Check the region server logs. If they are blocking on something it should show up there. For cdh3
the logs are in /var/log/hbase/. Also you may want to turn on debug level for your logging (either
in log4j or in the web interface). Finally all of your requests are going to just one region
server...npin-172-16-12-204.np.local...so it may be stuck trying to split a region or something.
You could try to pre-split the regions which may help.
~Jeff
On 7/29/2011 10:57 AM, Eric Hauser wrote:
Hi,
I've been doing different experiments with a 5-node cluster with YCSB.

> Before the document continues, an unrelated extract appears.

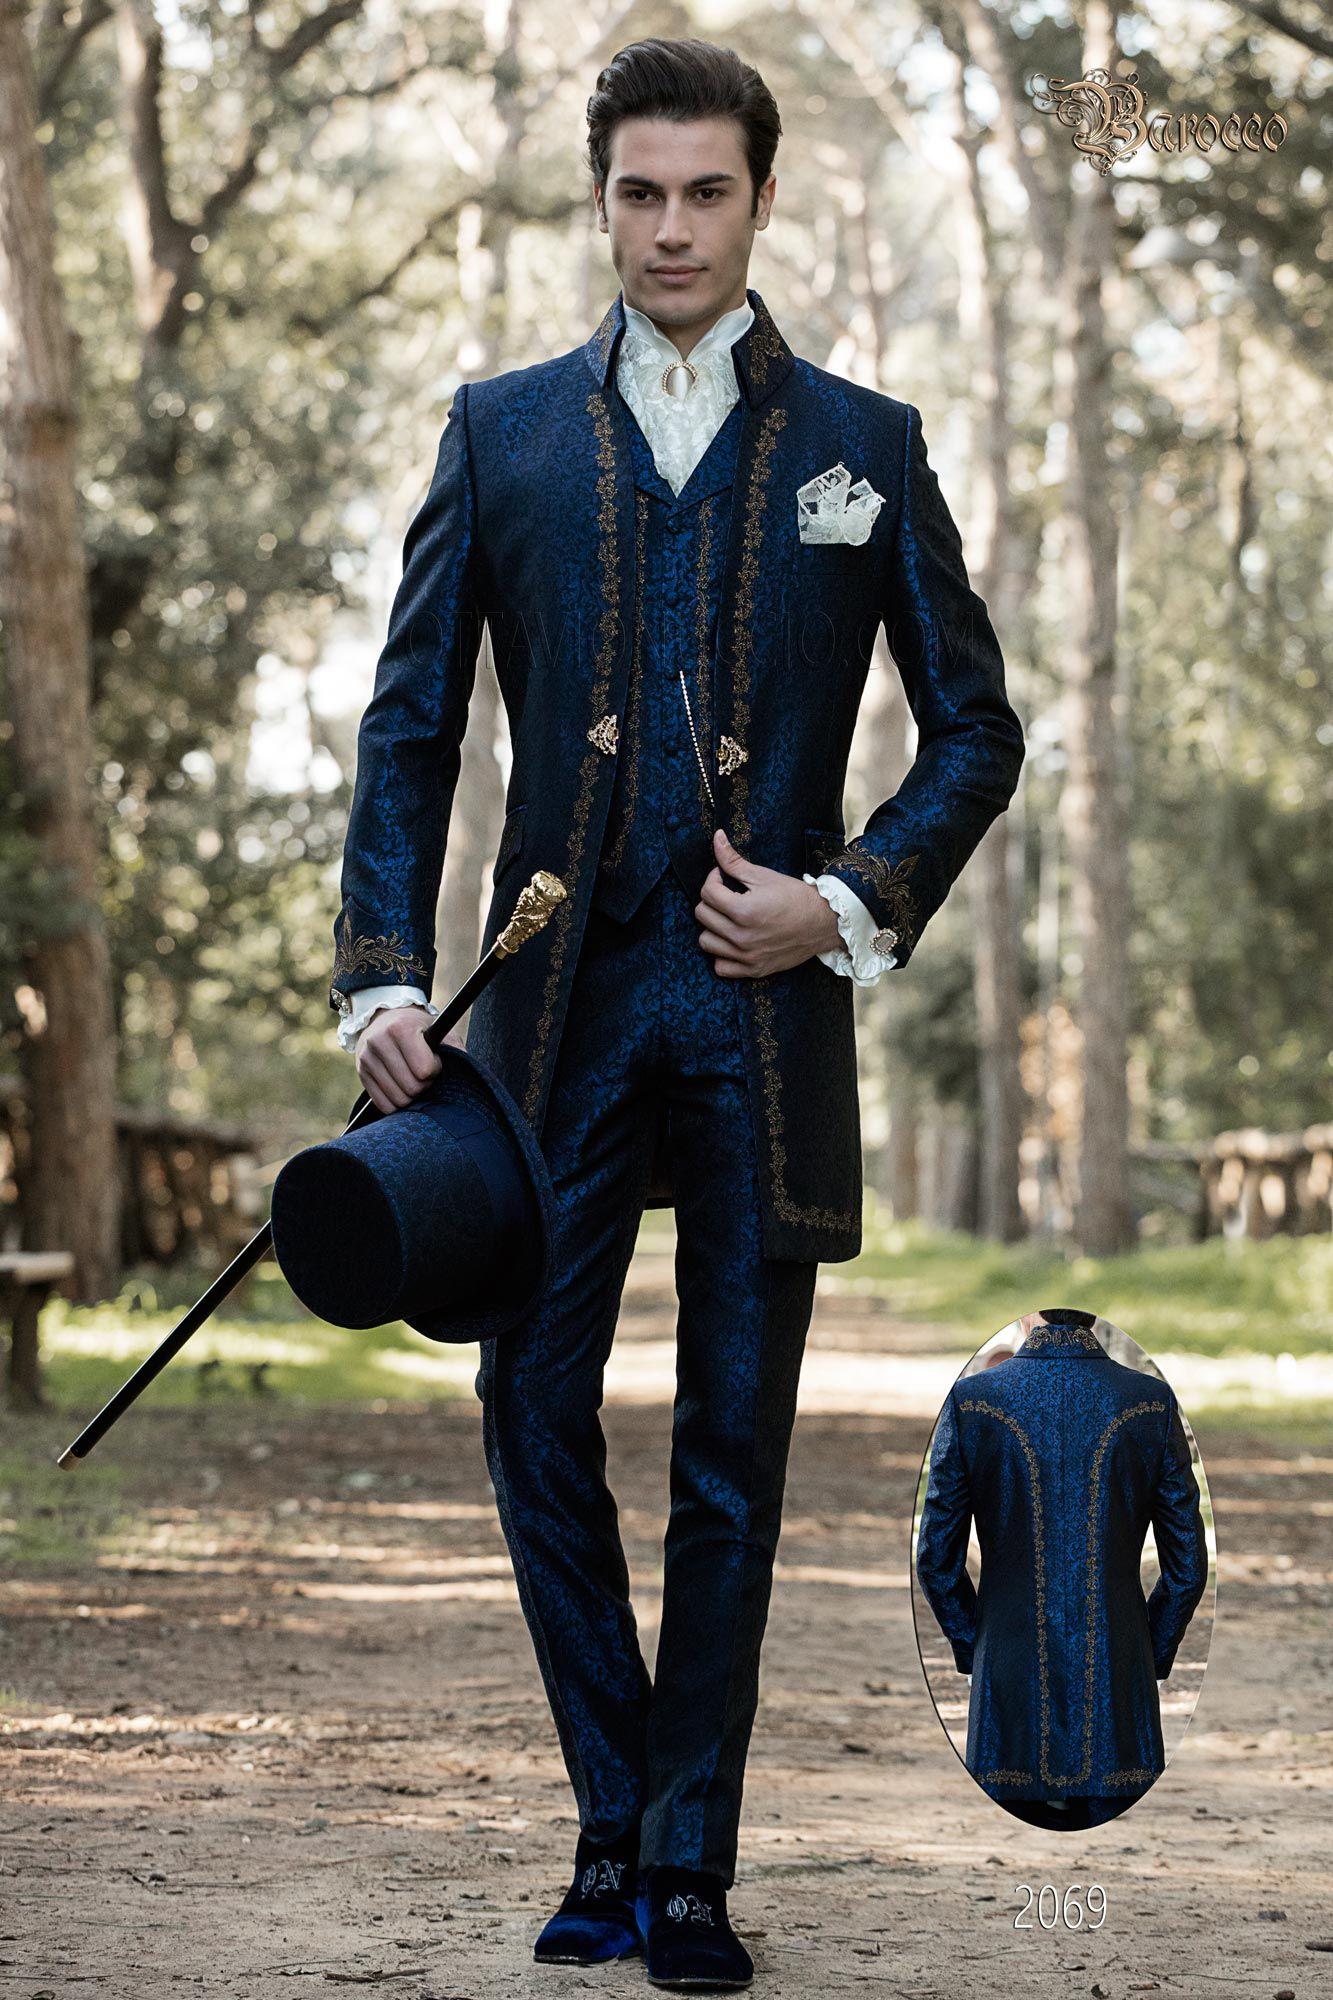 Hipster Matrimonio Uomo : Vestito sposo stile barocco damascato blu con ricami oro. completo

We have been testing a number of different configurations, so I have
been constantly been wiping our cluster up and setting it up again
since we configure everything via Chef. At one point, I was able to
get the following stats from our cluster which I was pretty happy
with:
YCSB Client 0.1
Command line: -load -db com.yahoo.ycsb.db.HBaseClient
-Pworkloads/workloada -p columnfamily=family -p recordcount=10000000
-s
[OVERALL], RunTime(ms), 1057645.0
[OVERALL], Throughput(ops/sec), 9454.96834949345
[INSERT], Operations, 10000000
[INSERT], AverageLatency(ms), 0.0915235
[INSERT], MinLatency(ms), 0
[INSERT], MaxLatency(ms), 6925
[INSERT], 95thPercentileLatency(ms), 0
[INSERT], 99thPercentileLatency(ms), 0
[INSERT], Return=0, 10000000
However, in our most recent server builds, I seem to very quickly
deadlock something in HBase. I've backed through all our old
revisions and reverted a number of different configuration settings,
and I can't seem to figure out now why the cluster is so slow. Our
terasort M/R tests are returning the same values as before, so I do
not believe that there is anything wrong external to HBase.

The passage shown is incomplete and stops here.